During the March downturn when stocks and bonds were down, for example, the fund was essentially neutral — neither really down nor up.
The liquid alts category is quite diverse in the strategies it offers investors, adds Alan Fustey, portfolio manager with Bellwether Investment Management in Winnipeg.
It includes long-short equity funds, like Dynamic’s. It also encompasses alternative bond funds that “take unconventional approaches to bond investing, often trying to achieve returns uncorrelated with the bond market,” he says. “So they can invest with a high degree of flexibility, like taking positions in high-yield foreign debt, for example.”
Other liquid alts offer exposure to futures, including commodities like oil and gold, or they invest in derivatives such as swaps and options.
Then there are multi-alternative strategy funds that combine all the tactics listed above, he adds.
Mackenzie Investments was among the first Canadian investment firms to dip into the liquid alts market, and now has six mutual funds and one exchange-traded fund (ETF) in the category.
“The benefits of liquid alts is you can have a more stabilizing force in a portfolio,” says Michael Schnitman, senior vice president and head of alternative investments at Mackenzie Investments in Toronto.
By allocating about 10 to 20 per cent of the portfolio to one or two liquid alts, investors can get outperformance “in both rising and falling markets,” he adds.
Also many liquid alt funds have low barriers to entry.
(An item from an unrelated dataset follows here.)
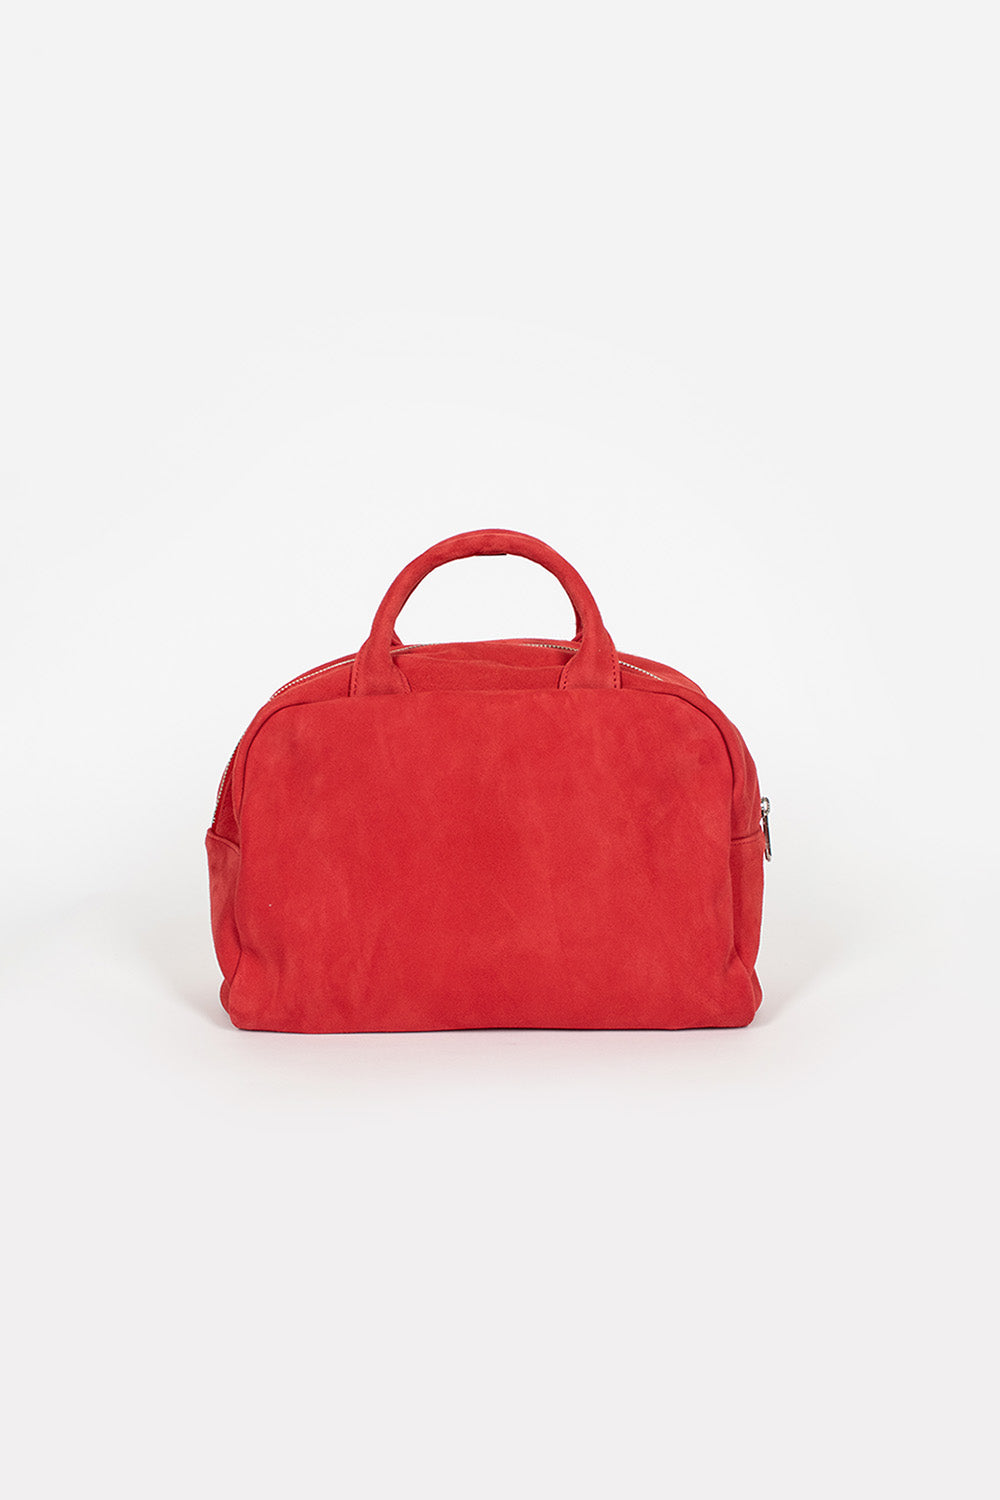 Sheepskin Handbag Red

For example, the minimum investment for a Mackenzie alt fund is $500.
Among its offerings is the Mackenzie Alternative Enhanced Yield Fund, which aims to provide a five per cent annual distribution, paid monthly. To do this, the fund may use leverage (borrowing money) on low-yielding stocks and bonds to boost returns.
While worth considering, it’s important to understand how liquid alts work — as they are certainly not risk-free investments.
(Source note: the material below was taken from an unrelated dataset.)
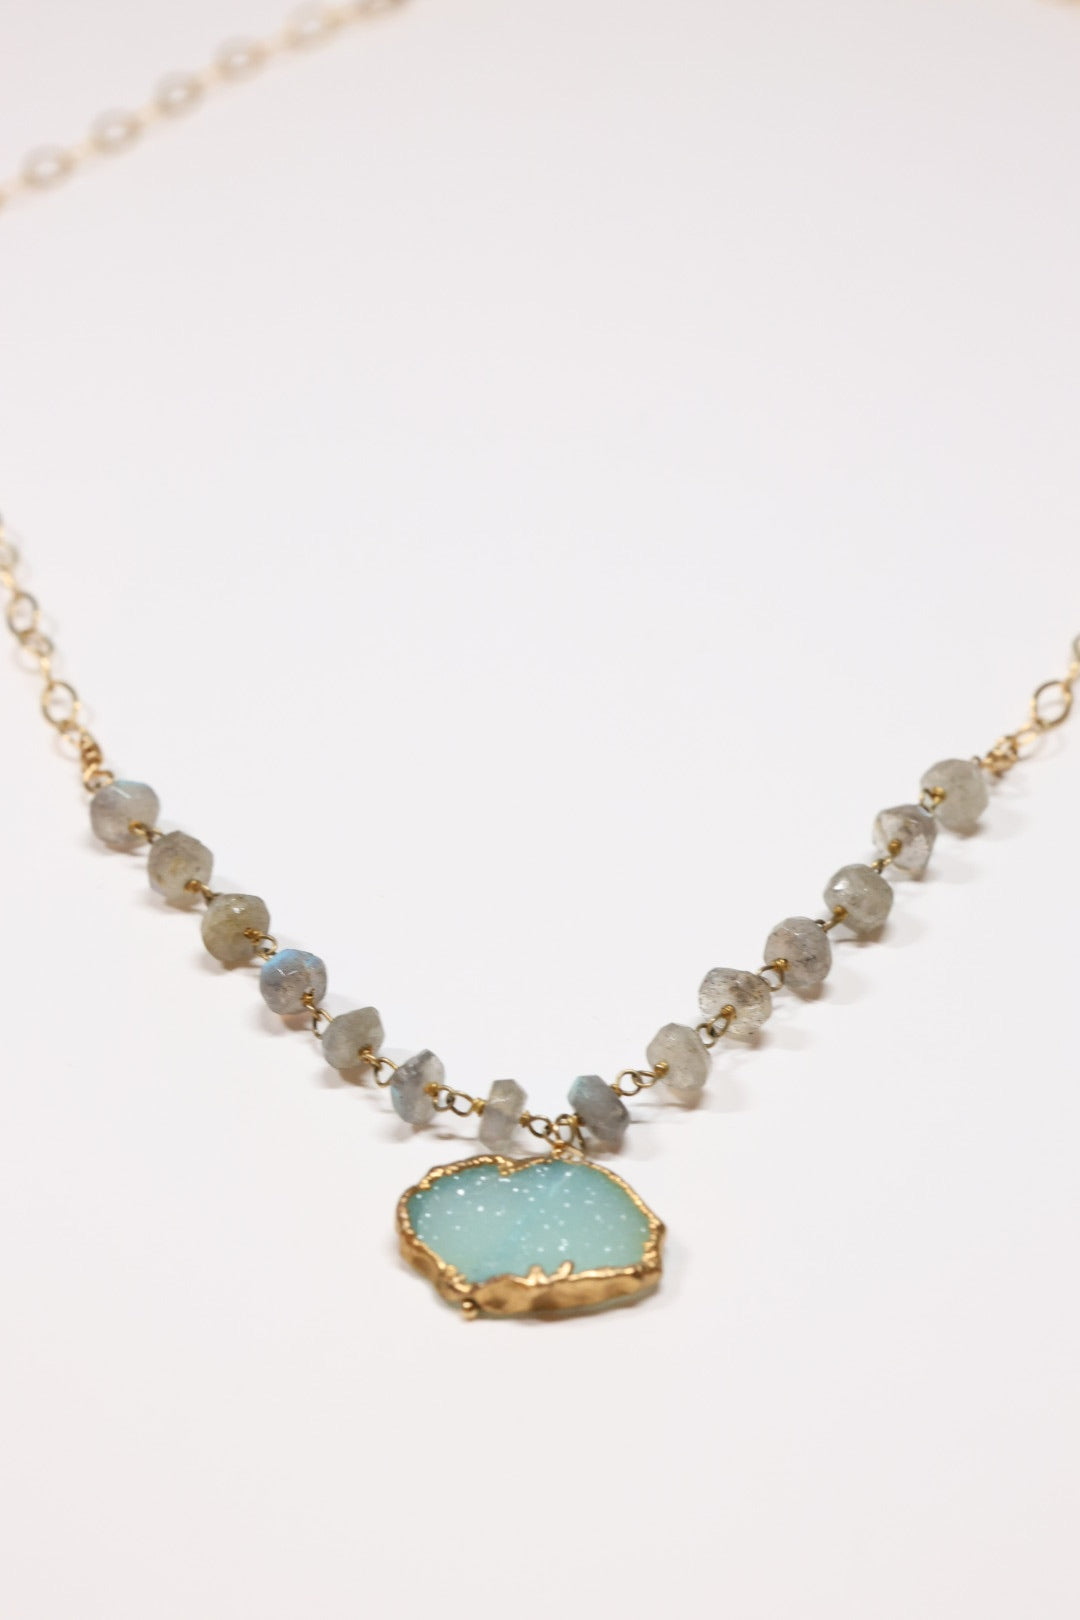 Gemstone necklace with aquamarine druzy 
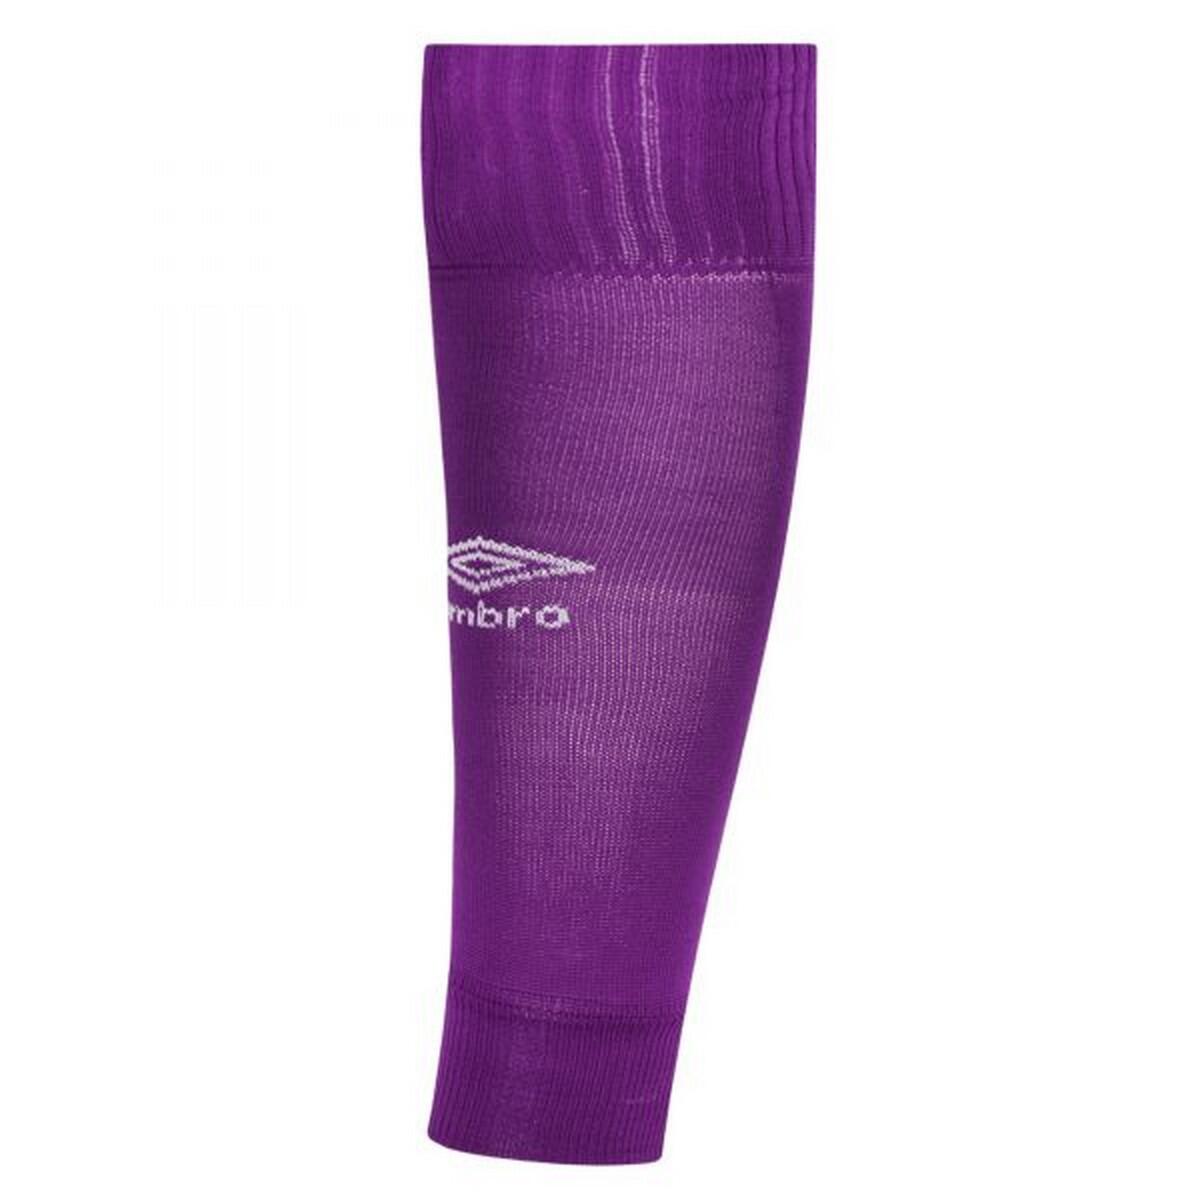 UMBRO Boys Leg Sleeves (Purple Cactus/White)

With respect to the aforementioned Enhance Yield Fund, for instance, that five per cent distribution isn’t guaranteed. As in more challenging markets, investors could see a return of capital as part of that distribution instead of it being made up solely of market returns.
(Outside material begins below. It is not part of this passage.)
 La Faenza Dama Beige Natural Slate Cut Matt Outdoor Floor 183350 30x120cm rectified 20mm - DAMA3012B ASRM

Additionally most liquid alts come with higher than average management expense ratios (MERs).
“Fees are higher to manage alternative investment products than traditional mutual funds… given the complexity of research, trading and reporting of the underlying investments,” Fustey says, adding that in some cases they exceed three per cent per year.
Those fees can make it more challenging for these funds to produce their intended returns.
Also of note is that because they often engage in much more complex strategies than the average mutual fund, you need to be fairly knowledgeable about investing. “Once you open the hood on some of these, they can be very complicated,” White adds.
As a result it’s best to lean on your adviser to wade through the jargon and decide whether a fund is a good fit.
Another critical consideration is just how “liquid” the fund will be during times of market stress. Being liquid generally means investors can sell out the investment quickly.
“But if you allow someone to get in and out of those funds daily, there may be a bit of a mismatch with its underlying investments, which may not be as liquid,” Fustey says. “And that could potentially lead to a run on some of these funds in really volatile markets.”
One other point of caution: Although strategies used by liquid alts are often based on previously winning hedge fund formulas, they’re not guaranteed to work as well in the future — especially as the alternative marketplace becomes more crowded with investors.
“There are only so many of these opportunities out there, so the more money that keeps flowing into them, the harder it gets to find good opportunities,” Fustey adds.
Still, liquid alt mutual funds are worth a look.
“A well-diversified portfolio that includes liquid alternatives isn’t a bad idea,” White says. “But they’re not perfect, and people shouldn’t have blind faith in what they purport to provide.”